Step 1, individual needs, and self-care
- To me, what is "self-care"?
- Do I ever find myself prioritizing the maintenance of outside appearances over caring for myself mentally and physically? How and why?
- Do I sometimes notice that my self-esteem is reduced because of taking care of myself? What is that like?
- Has self-care ever had the opposite effect on me and made things less manageable? What happened?
- Off the top of my head, what are some kinds of resources that might help me learn more about self-care?
Step 1 and personal values
- What are some of my personal values?
- Do I ever feel confused about my values? How? Do I have a sense of why that might be?
- Have any of my values changed since I started learning about autism?
- Does the ability to live my values ever feel reduced by the state of my sense of self or self-esteem?
- Are there times when it feels like living my values makes my life less manageable? More manageable? How so?
Step 1 and relationships with individuals and groups
- Do I have any strong individual bonds with other people? How about bonds within a community?
- Do I ever feel confused about who I am in one-on-one relationships? Group relationships? If so, how? If not, why not?
- Has learning about autism changed the way I think about one-on-one relationships? Group relationships?
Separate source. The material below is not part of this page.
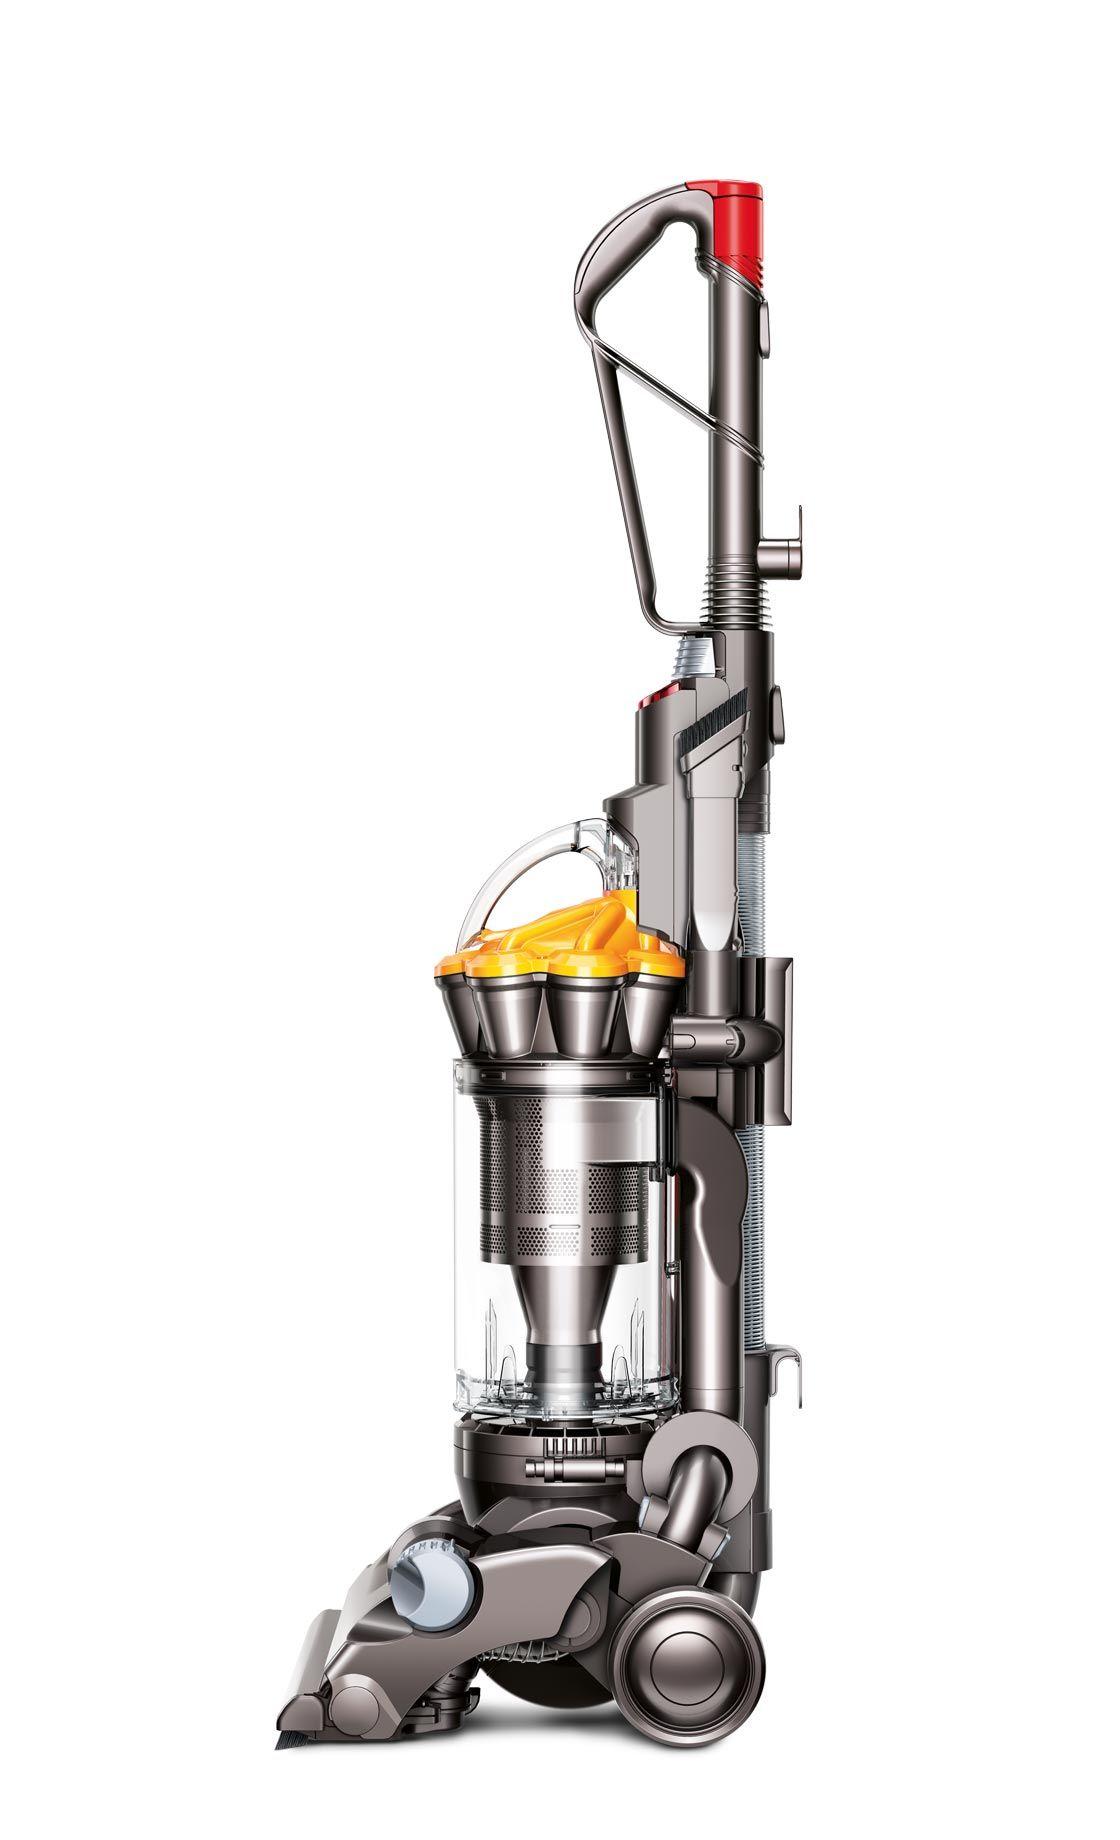 Dyson DC33 Multi Floor Vacuum Cleaner   Yellow (REFURB) $159.99 At  Newegg.com

- Have my relationships with individuals or groups ever been made less manageable due to the state of my sense of self? Self-esteem?
- Have I ever expressed solidarity towards another person? Felt solidarity expressed towards me?
Step 1 and the connection we find in AWG
- Has being part of AWG had any effect on my sense of self? On my self-esteem?
- What does it feel like when I identify with a group member's experience, whether at a meeting, in AWG Shares, on Discord, speaking with a co-mentor, or elsewhere?
- Do I ever feel solidarity with other members, whether or not I express it outwardly?
- Does AWG add manageability to my life, or unmanageability? What might be some reasons why?
- Do I feel like AWG might be able to help me restore manageability if I run into barriers on my 12 Step path? For example, could I share these barriers with the group? With my co-sponsor(s)?